I think it's good as long as you avoid any fats.


----------



## Elvia1023 (Sep 22, 2011)

Fine. Keep the olive oil in there. It will slow down the absorption amongst many things.


----------



## private (Sep 23, 2011)

foreigner said:


> I'm trying to bulk right now and I was thinking if it's ok to drink a shake (milk whey protein banana flax oil and 2 tea spoons of olive oil) before bed say around 11 oclock?

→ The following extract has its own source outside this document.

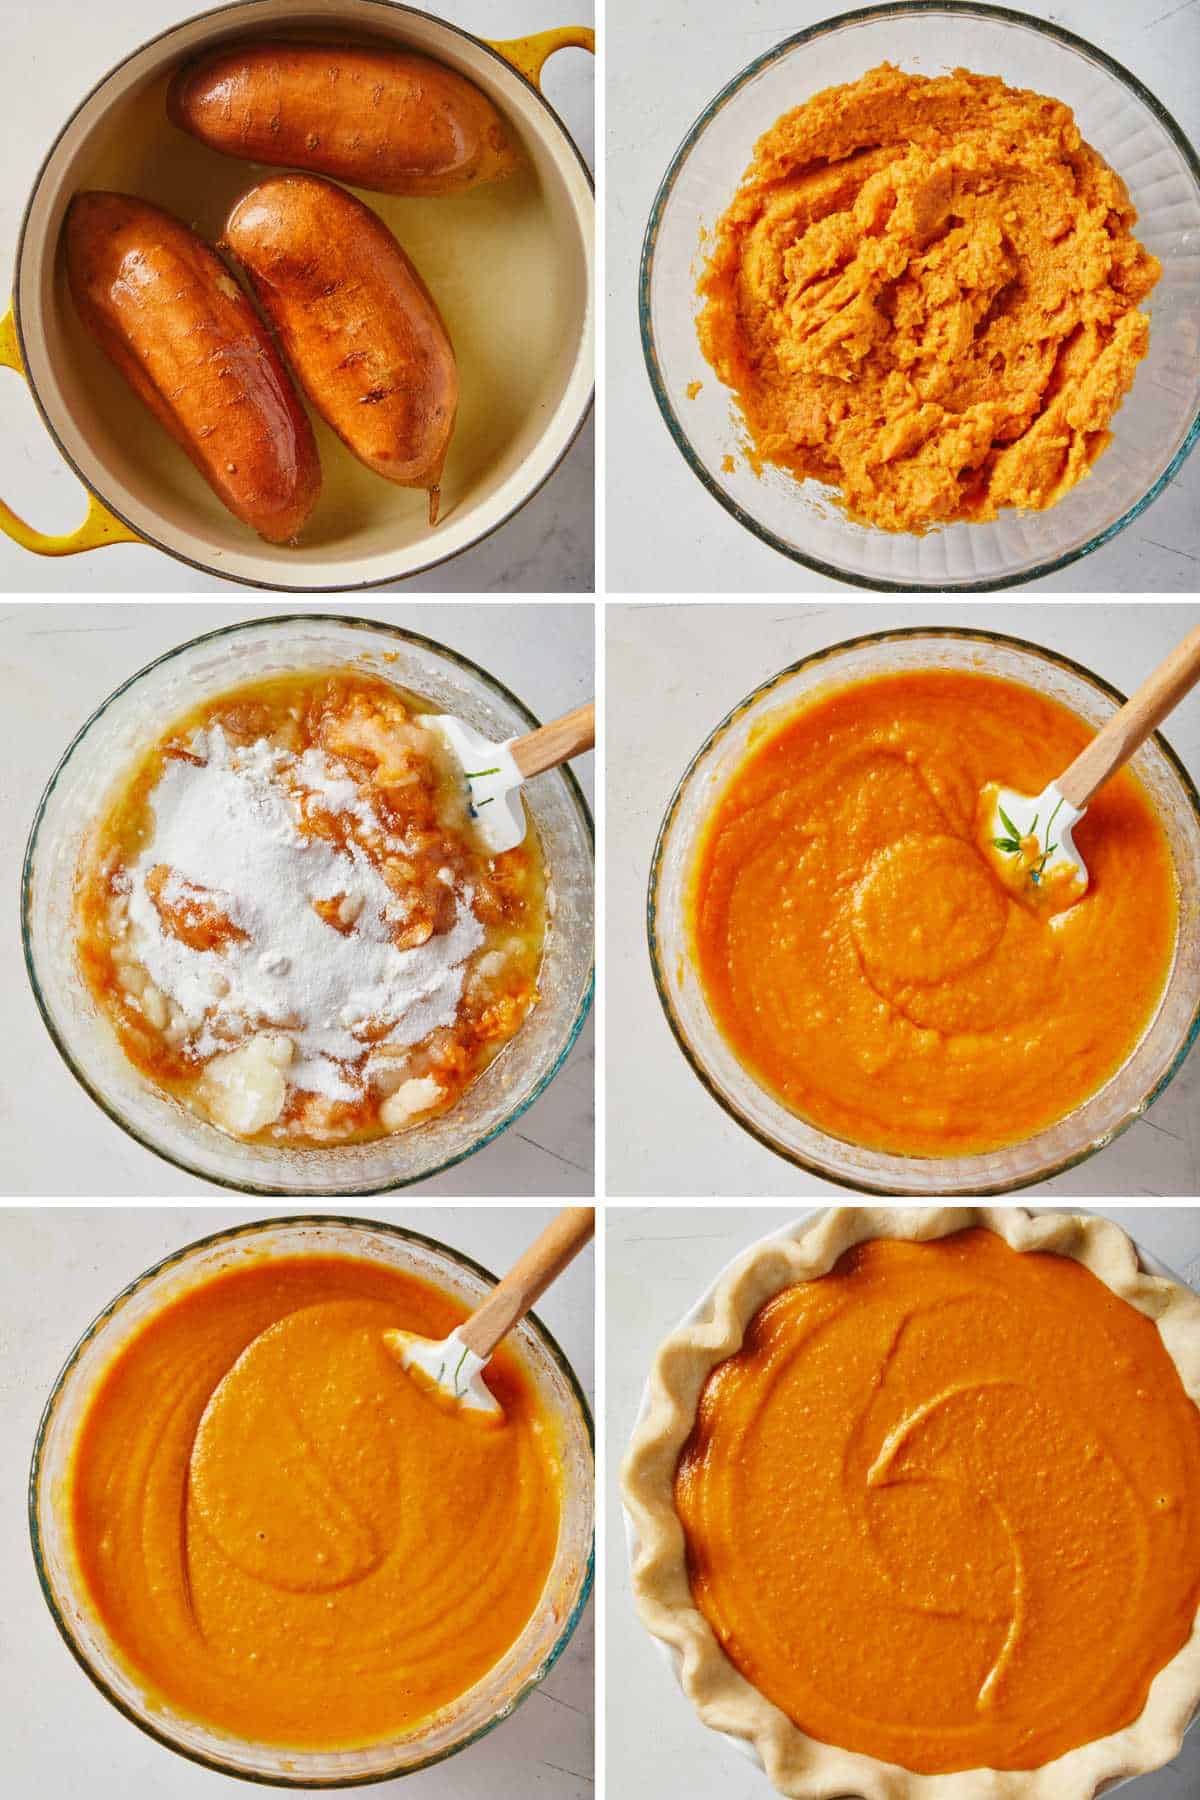 Collage of images showing cooking the sweet potatoes and peeling them.

As long as you're bulking, it looks good to me.


----------



## woods78 (Sep 25, 2011)

Consuming fats with your last protein shake of the day would further help slow the digestive process.


----------



## guest (Sep 27, 2011)

Add a salad, leafy greens.


----------



## Giancarlo (Feb 22, 2012)

Olive oil is one of the best natural treatment you can use for soft skin. It is a light and mildly antibacterial oil very much like, the oil produced by our sebaceous glands.


----------



## Gettinripped (Jan 8, 2013)

woods78 said:


> Consuming fats with your last protein shake of the day would further help slow the digestive process.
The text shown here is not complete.